The artful decision maker gains something very important by relinquishing the illusion of control. Give up the notion of control and you gain freedom. If you hold on to control, all of your decisions are assigned the role of supporting the illusion. My example of my decision to be happy refers only to me and my person. I and my person are the only place where I have any possibility of controlling anything. I cannot control myself and yet there have been times when I thought I controlled other people.
I admit that it is a little disturbing to realize that I can decide to do something and I have no guarantee that I can do it. Even with the greatest will, circumstances and conditions may not support my decision. You may also have realized this. What are "business decisions?" Are not they different? I suggest that they are even more the same. If through my decisions I cannot control myself, how can I control anyone or anything else?
Every decision creates a part of the universe. In business this is a comfortable model because clearly creating a business is making something. This perspective does not deny that business creates something of substance. I question who gets the credit.

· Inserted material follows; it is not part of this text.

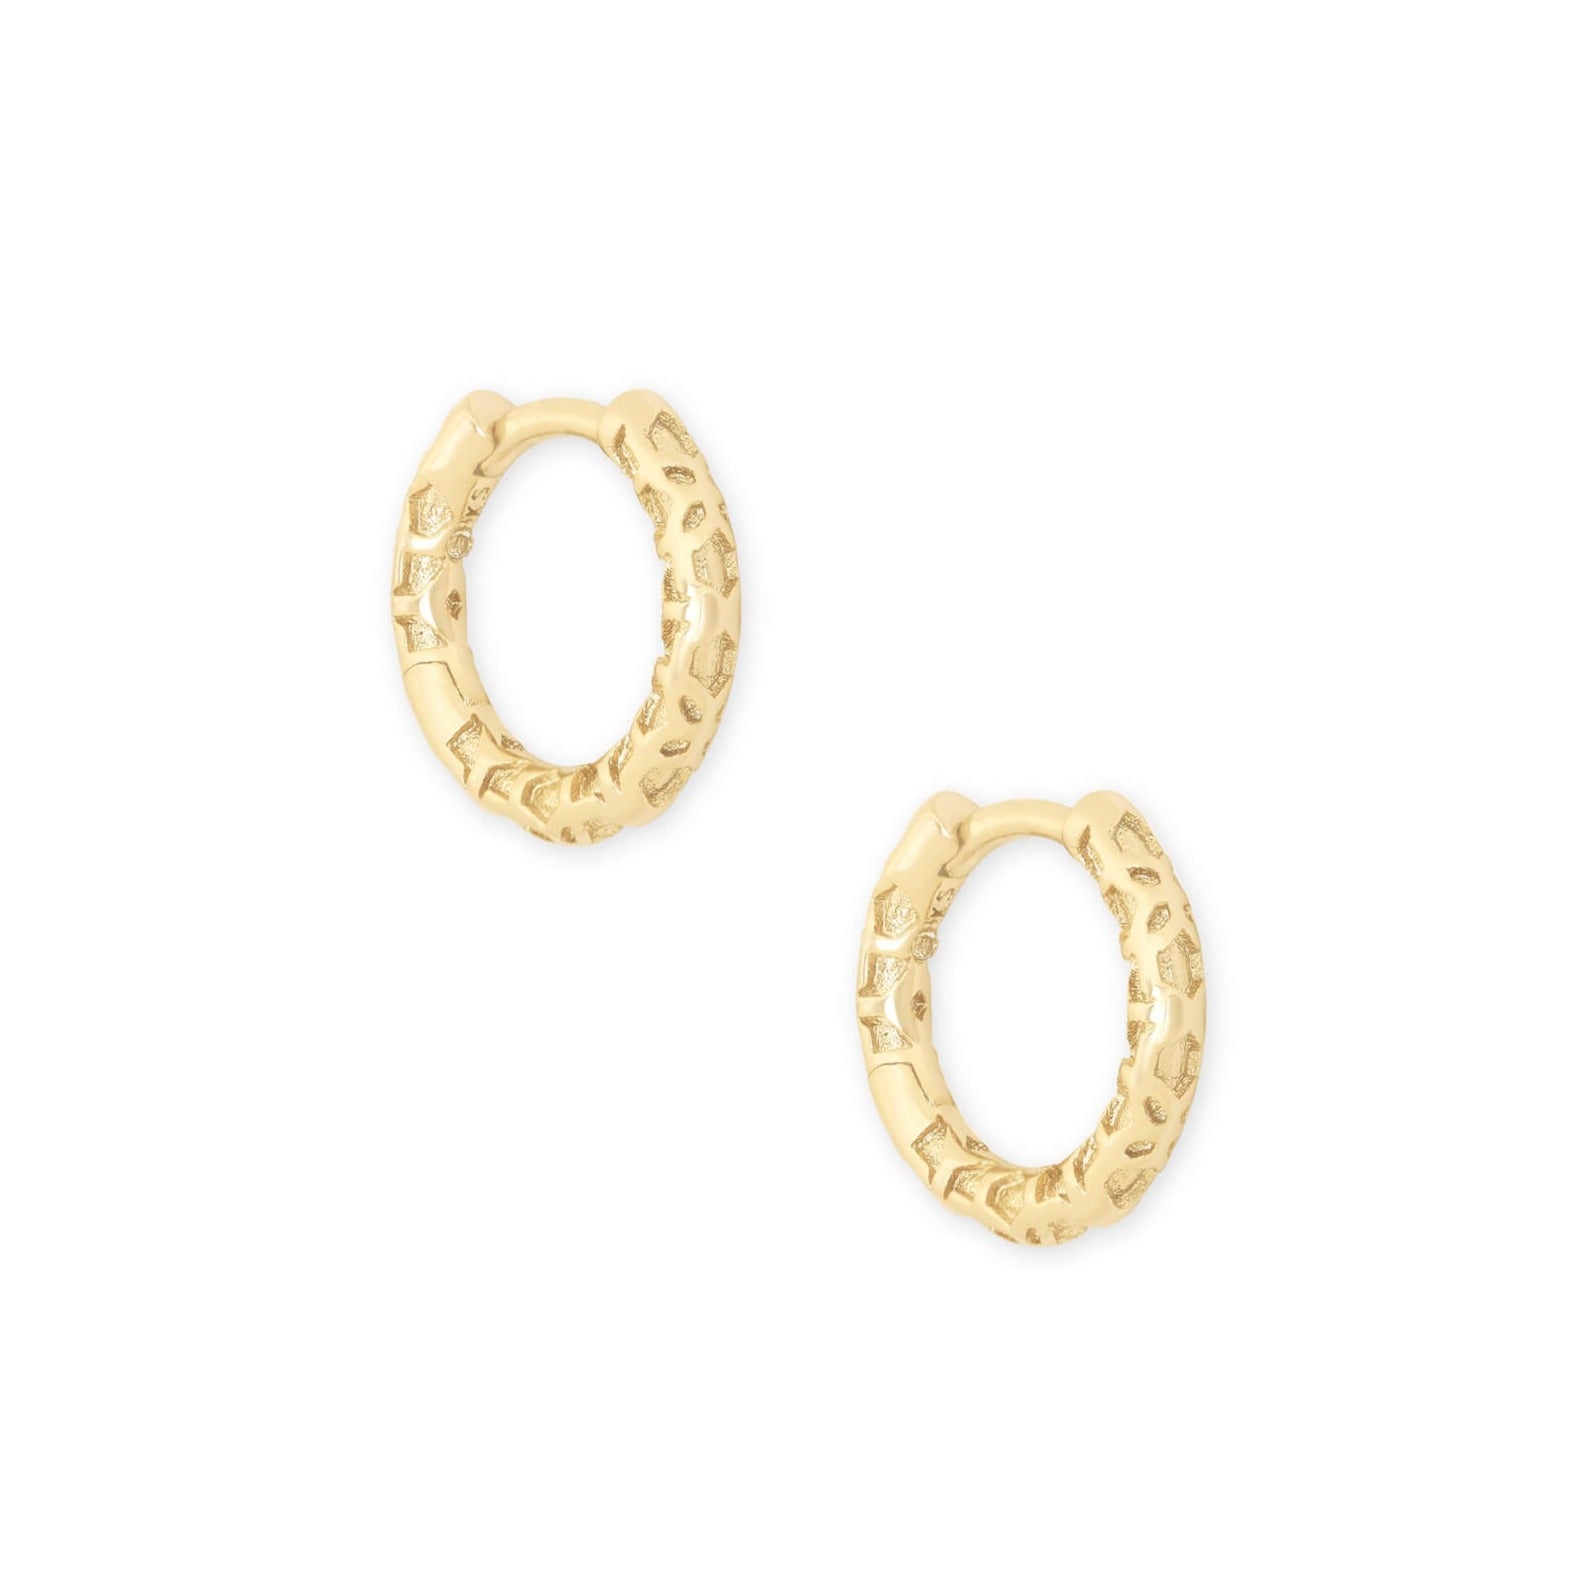 Kendra Scott Maggie Filigree Huggie Hoop Earrings in Gold Plated

There is probably no argument against the observation that just because I decide you should buy something, that this decision has any influence on whether or not you will buy what I am selling. Likewise if I make a "business decision" there is nothing that says that employees, potential employees, clients or customers will travel on the path of my decision.
Our rhetoric and analysis tend to support a view that the business decision is in some special realm where the decision equals concrete reality. I contend that there is only one kind of decision. Decision is not meaningfully modified by prefixes such as business, personal, financial, creative, emergency, etc. These modifiers imply that there is special energy supporting decisions because of the circumstances. While you and I are aware that there is special energy surrounding particular decision experiences, we also have to admit that there is nothing consistent about the application of these influences. The influences are beyond our control.

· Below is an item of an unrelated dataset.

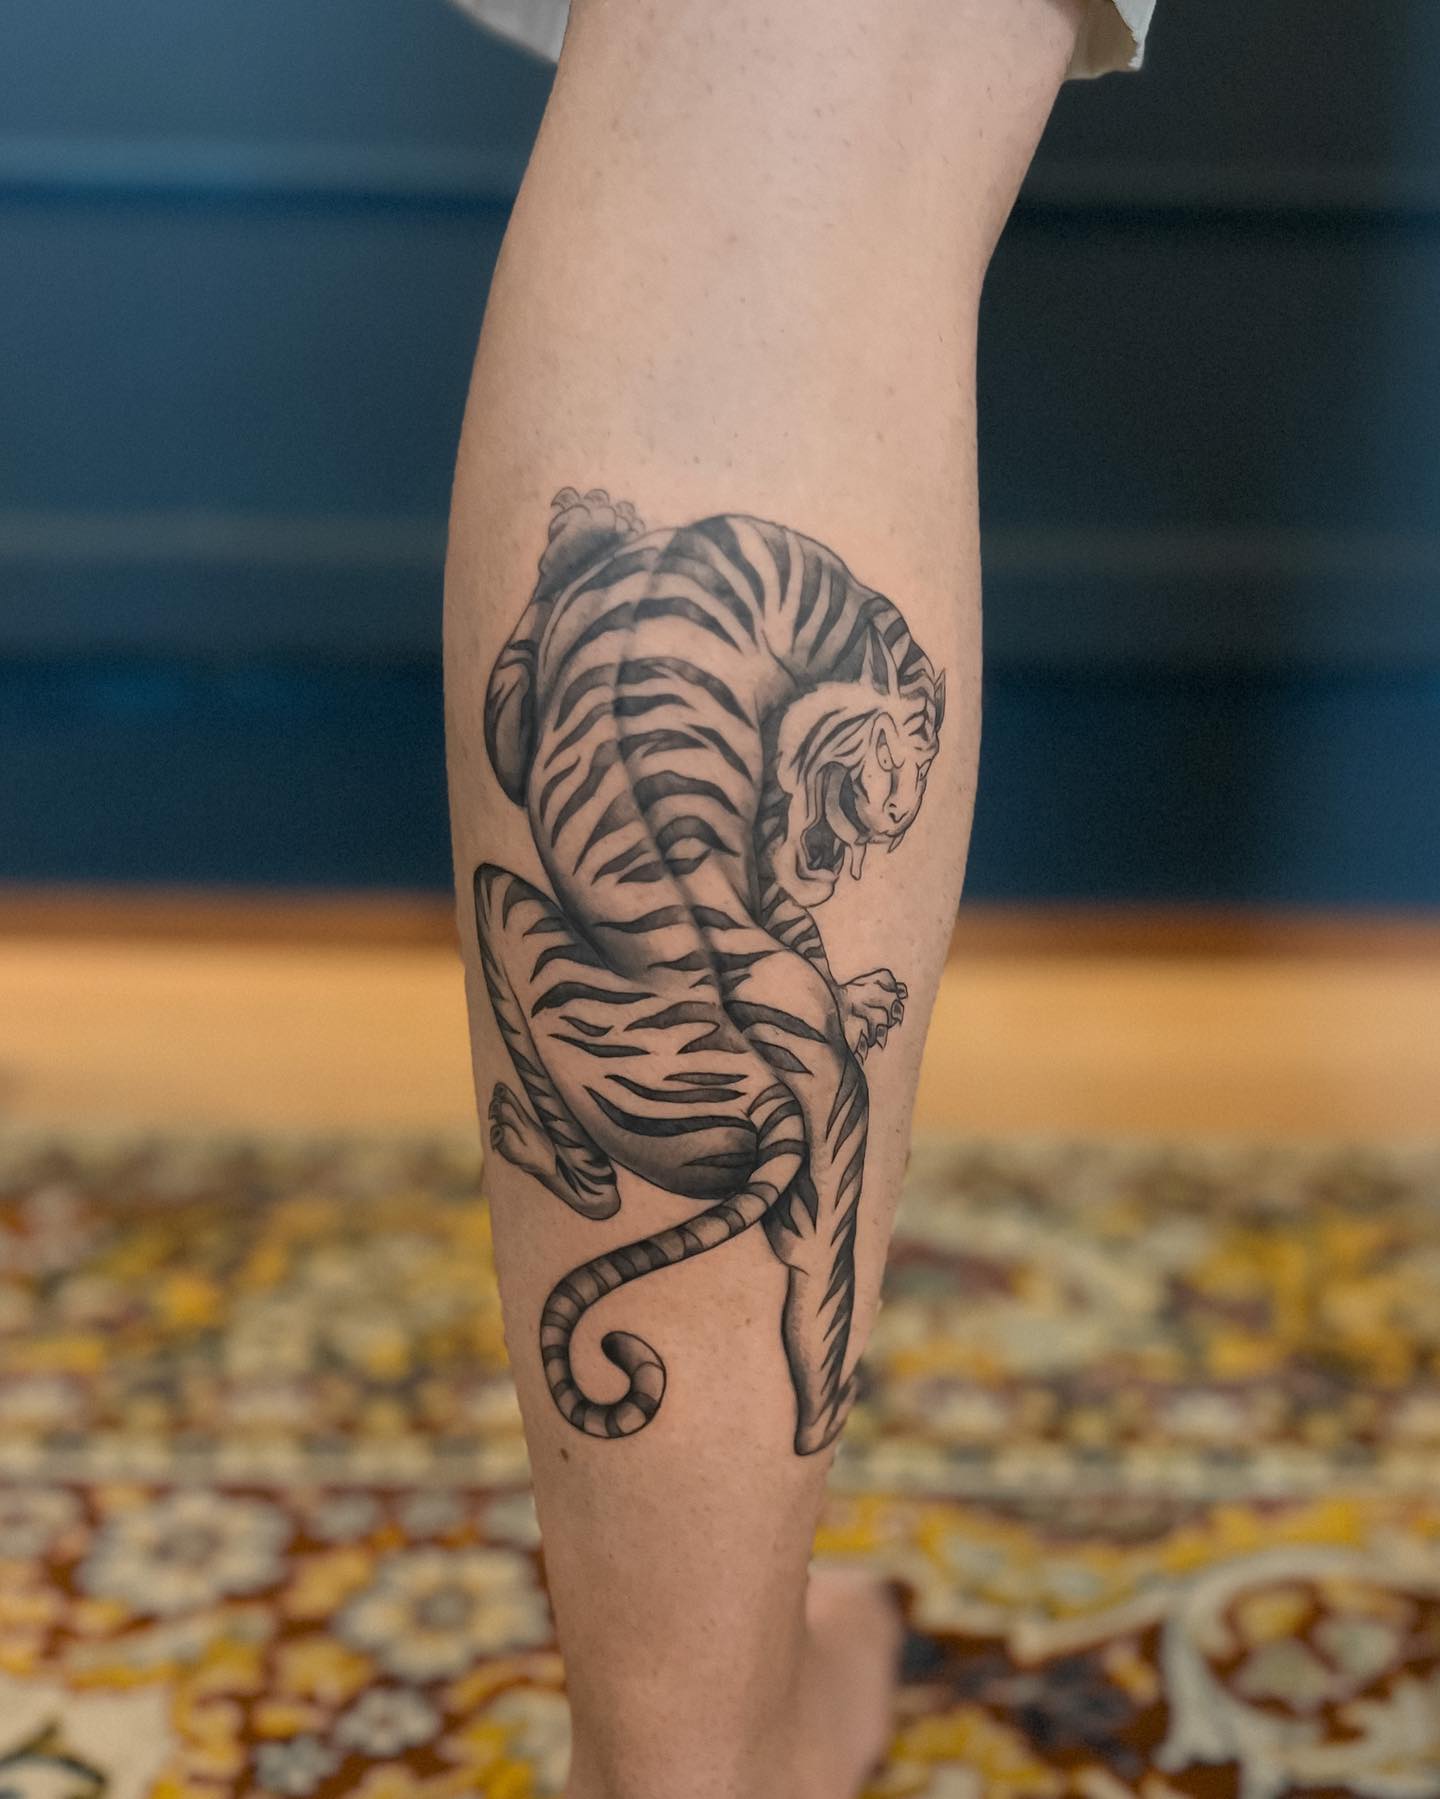 15+ Cool Hand Tattoos - Tiger Tattoo Designs | PetPress | Tiger tattoo  design, Tiger tattoo, Tiger hand tattoo

I find that when I abandon all notions of control of people, events and circumstances, that this is where I encounter the profound and artful aspects of decision making. When these notions drop away, I am left in the humble position of being a human being improvising a life. Improvising a life is our shared condition. We expect that we are capable of shaping our lives. We do not realize and accept that in order to shape our lives we have to be able to control our lives. This we cannot do. When I say, cannot do, I mean it in the sense of the sailboat captain who can make the decision of the heading to the destination. This decision does not cause favorable winds, supporting currents or favorable tides.
It takes a great deal of humility to learn the details of living in our physical world and to accept that we have virtually no control over it. In our professional and citizen roles we find ourselves evaluating the decisions of business colleagues and politicians. How can we do this? Colleagues and politicians are in the same existential position as we are. They have no more power or control than we do. Everyone is subject to their own circumstances and conditions. Through humility we can arrive at charity.
My point throughout this section is not that decisions are impossible because we cannot control our circumstances and conditions. My point is that our decisions become more powerful when we recognize the rare opportunities for decisions and make the most of those opportunities. The most powerful decisions are the ones we make about ourselves.